Motif significance is inferred by calculating empirical p-values of each motif in two genres of random datasets. Firstly, for a motif of length k that is conserved to L_i, the present inventors determine the empirical probability of finding the exact motif found in the real dataset and any combination of the same number of any motifs of the same length or greater at least once in L_iof a set of random sequences that has the same percentage identity between consecutive layers as observed in the input sequences. This is achieved by using MAFFT to generate an MSA of the input sequences, and then running multiple iterations of LncLOOM (100 for the analyses described in this manuscript) iterations in which the columns of the MSA are randomly shuffled. Secondly, the present inventors determine the empirical probability of finding the exact motif and any combination of the same number of any motifs of the same length at least once in L_iof a set of random sequences generated such that each layer has the same length and the same dinucleotide composition of its corresponding layer in the input sequences (but without preserving % identity between layers). Only the former P-values were used in the analyses described in this manuscript. Multiprocessing has been implemented to execute the iterations in parallel.
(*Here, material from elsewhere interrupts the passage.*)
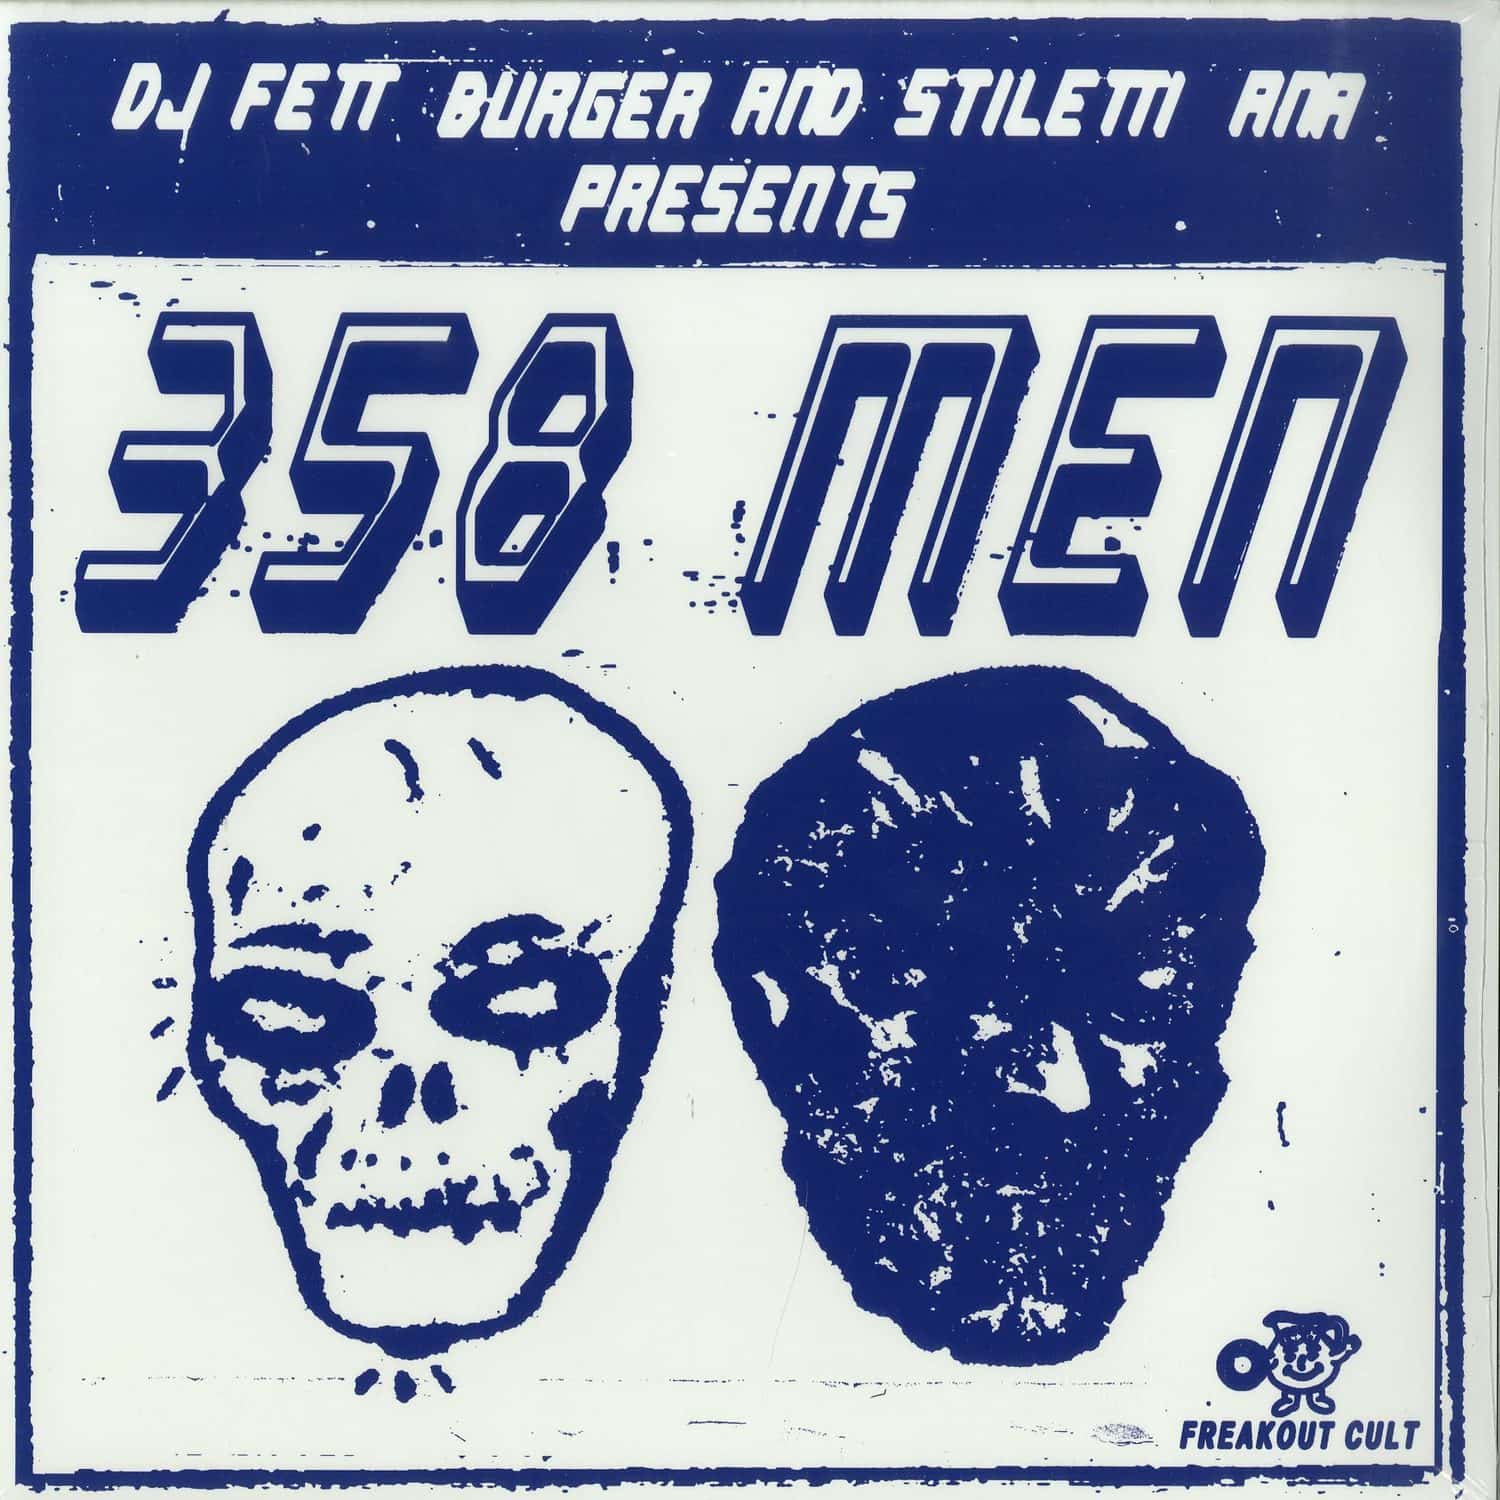 DJ Fett Burger and Stiletti Ana - 358 MEN

Functional Annotation of Motifs

LncLOOM has two optional annotation features. Firstly, the discovered motifs can be mapped to binding sites of miRNAs by identifying perfect base pairing with the seed regions of conserved (conserved throughout mammals) and broadly conserved (typically found throughout vertebrates) miRNAs from TargetScan. For each motif, the type of pairing (6mer, 7mer, 7mer-A1, 7mer-M8 or 8mer) is determined in each sequence by considering the motif together with the immediate flanking base from both sides of the motif. A match is only found if the complete seed region (6mer) directly matches the motif. Secondly, motifs that are found in genes that are expressed in HepG2 or K562 cell lines can also be mapped to binding sites of RBPs identified by eCLIP in the ENCODE project. To determine the chromosome coordinates of each motif in a selected query sequence, LncLOOM uses BLAT (Kent, 2002) to align the sequence to the genome and then calculates overlaps with the coordinates of binding sites of RBPs which are extracted from ENCODE bigBed files using the pyBigWig package. Alternatively, the user can also upload a bed file that specifies the chromosome coordinates and length of each exon in the query sequence. The extracted eCLIP data is filtered to exclude all peaks with enrichment <2 over the mock input. RBPs that bind a large portion of the anchor sequence are marked, as the overlap of their binding peaks with any conserved motif is less likely to be functionally relevant for that specific motif.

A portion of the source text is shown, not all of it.